(Stored dataset items)
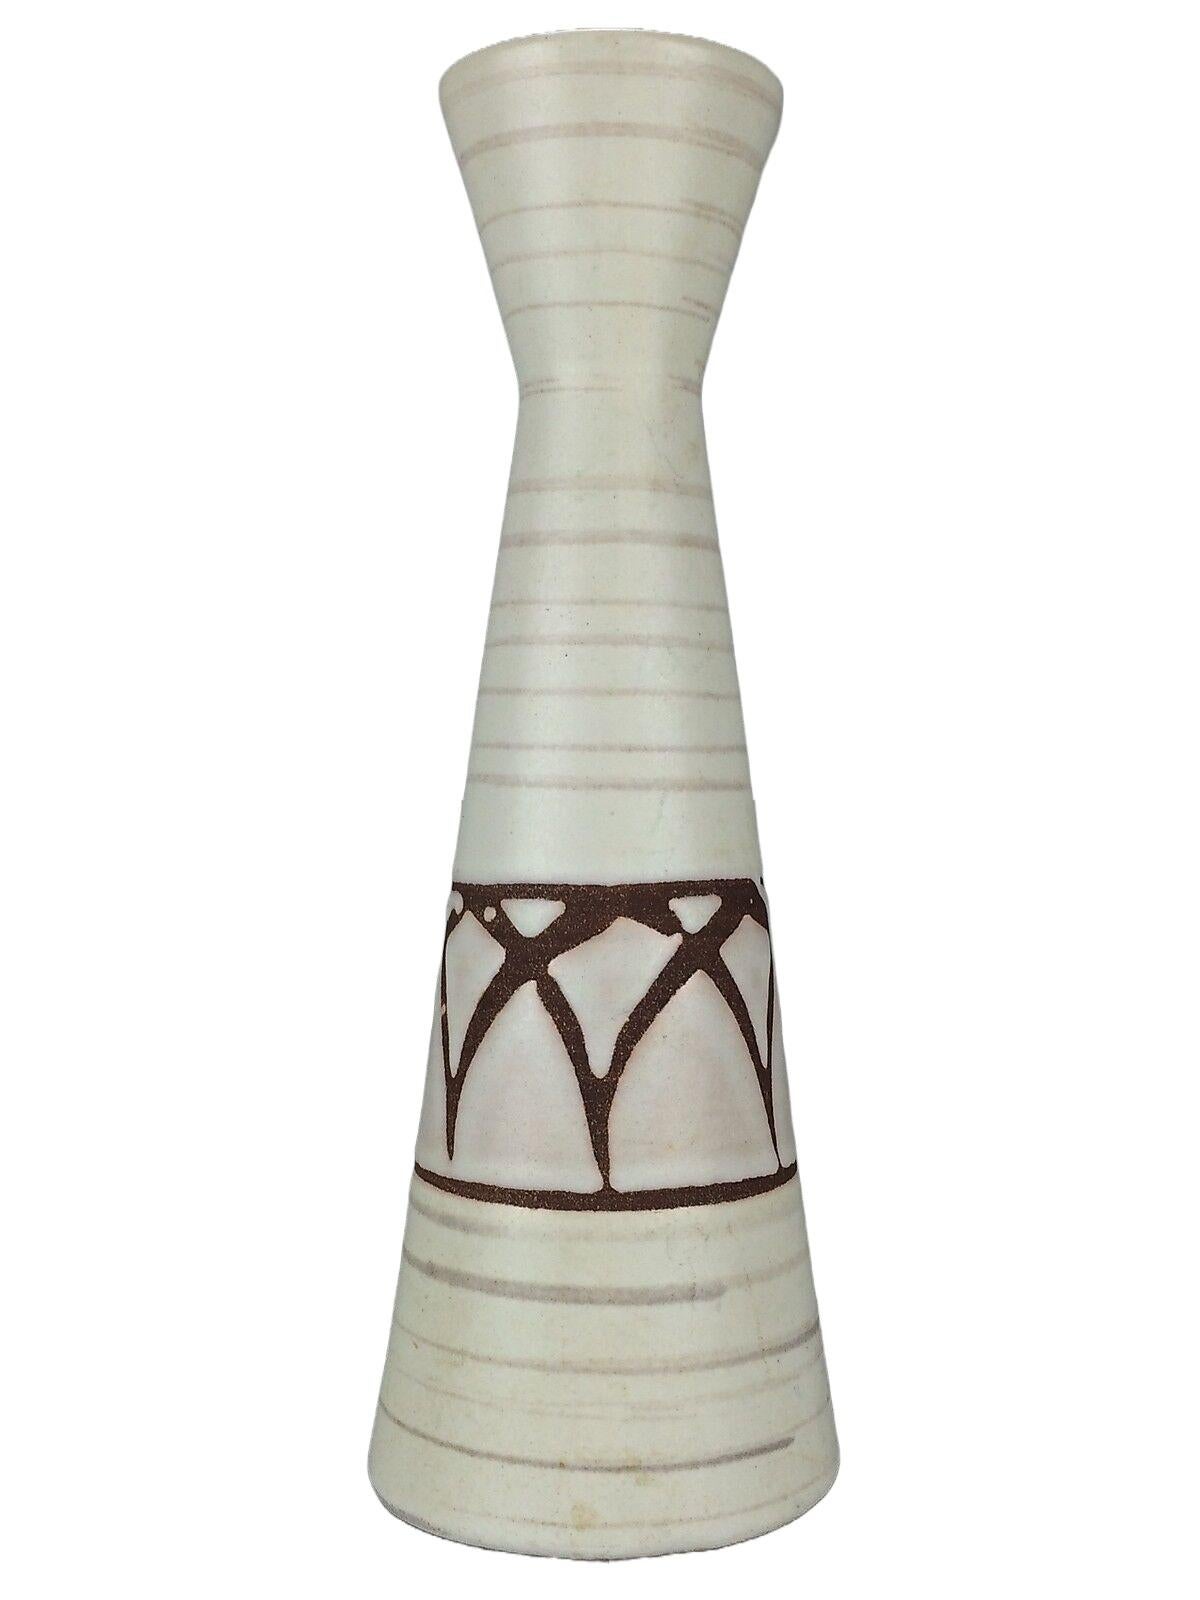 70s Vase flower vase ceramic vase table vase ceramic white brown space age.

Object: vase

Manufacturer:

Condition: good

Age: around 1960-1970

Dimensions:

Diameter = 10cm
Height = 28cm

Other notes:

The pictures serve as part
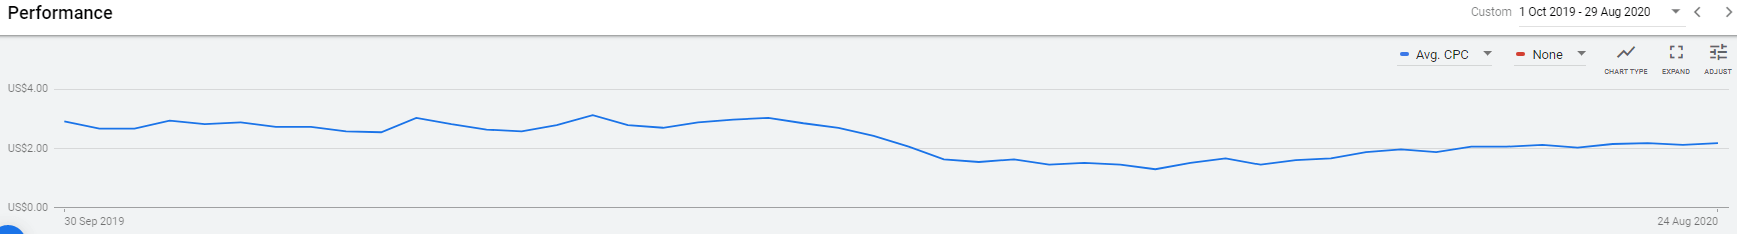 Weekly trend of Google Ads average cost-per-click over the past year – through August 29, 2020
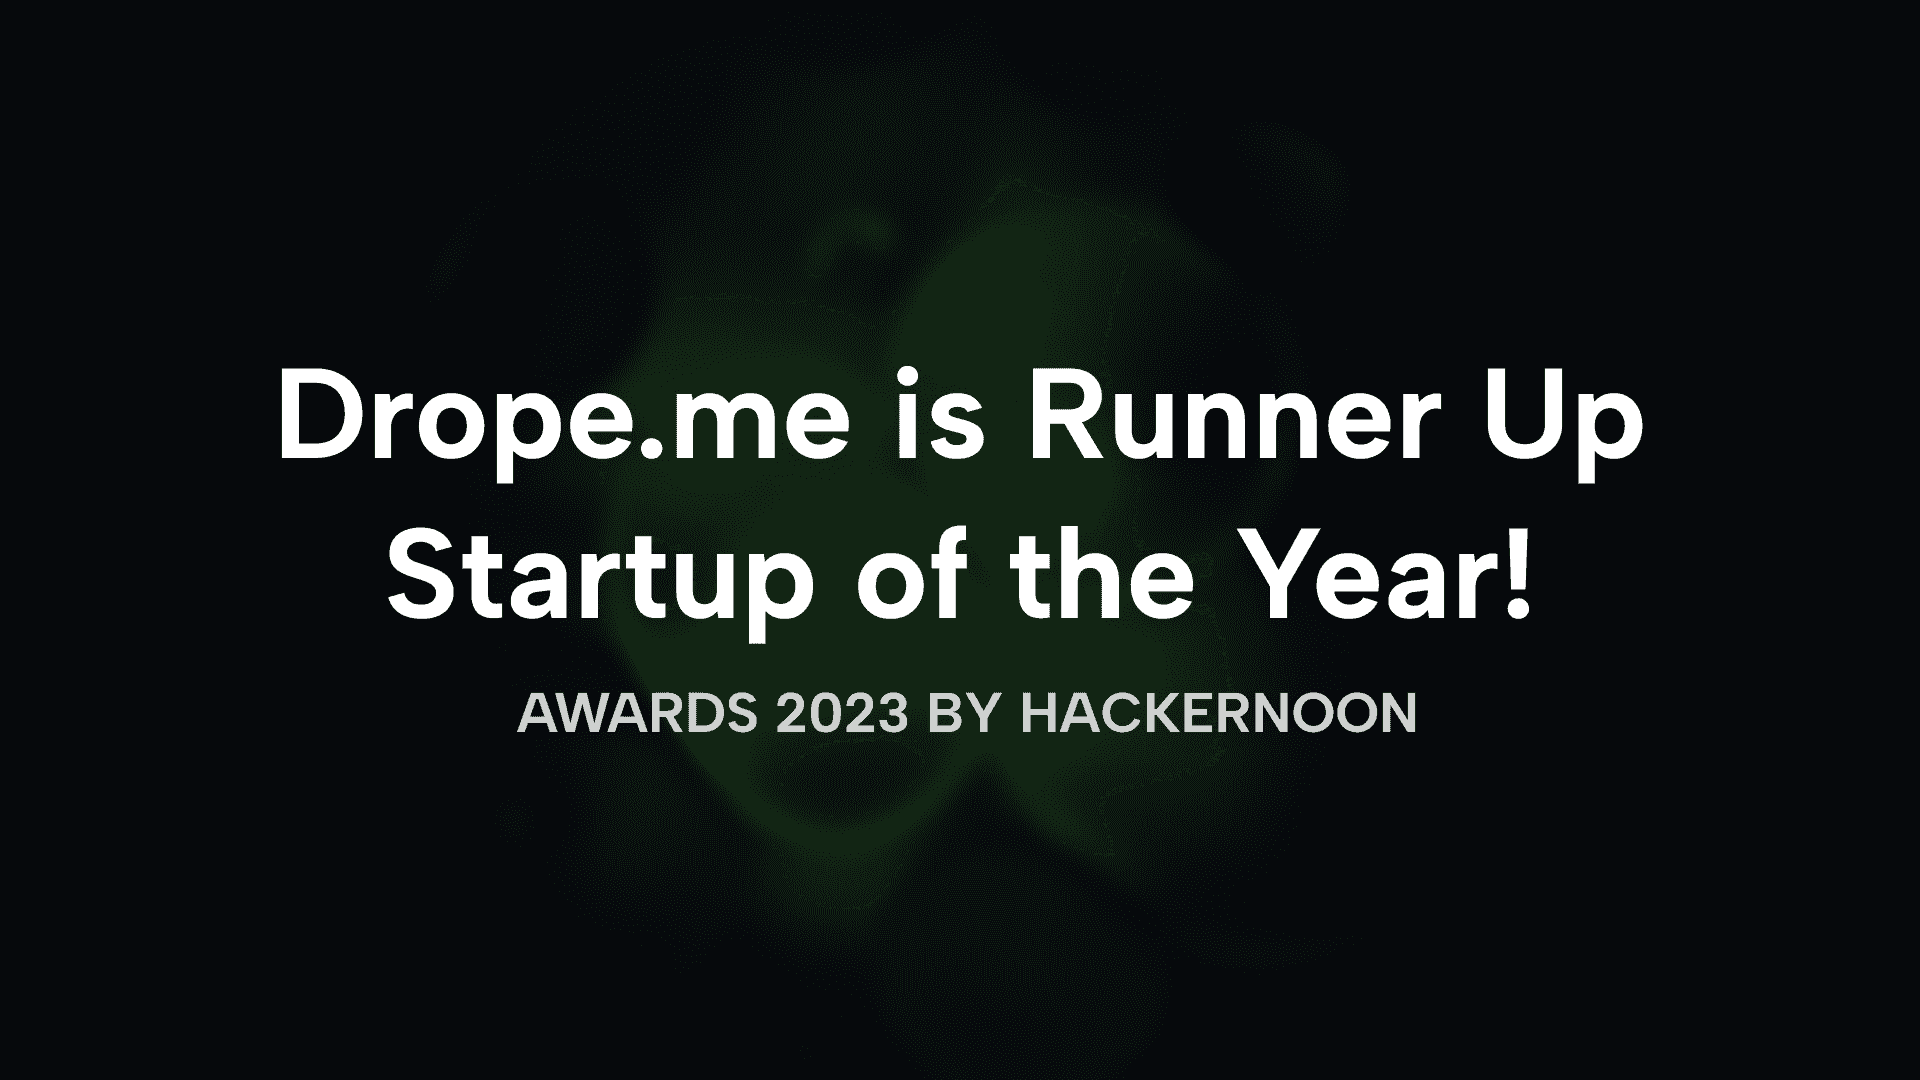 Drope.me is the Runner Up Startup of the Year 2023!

## Work to complete
Output all of the records word for word, and keep the pictures out of the copy.

## Final answer
 70s Vase flower vase ceramic vase table vase ceramic white brown space age.

Object: vase

Manufacturer:

Condition: good

Age: around 1960-1970

Dimensions:

Diameter = 10cm
Height = 28cm

Other notes:

The pictures serve as part
 Weekly trend of Google Ads average cost-per-click over the past year – through August 29, 2020
 Drope.me is the Runner Up Startup of the Year 2023!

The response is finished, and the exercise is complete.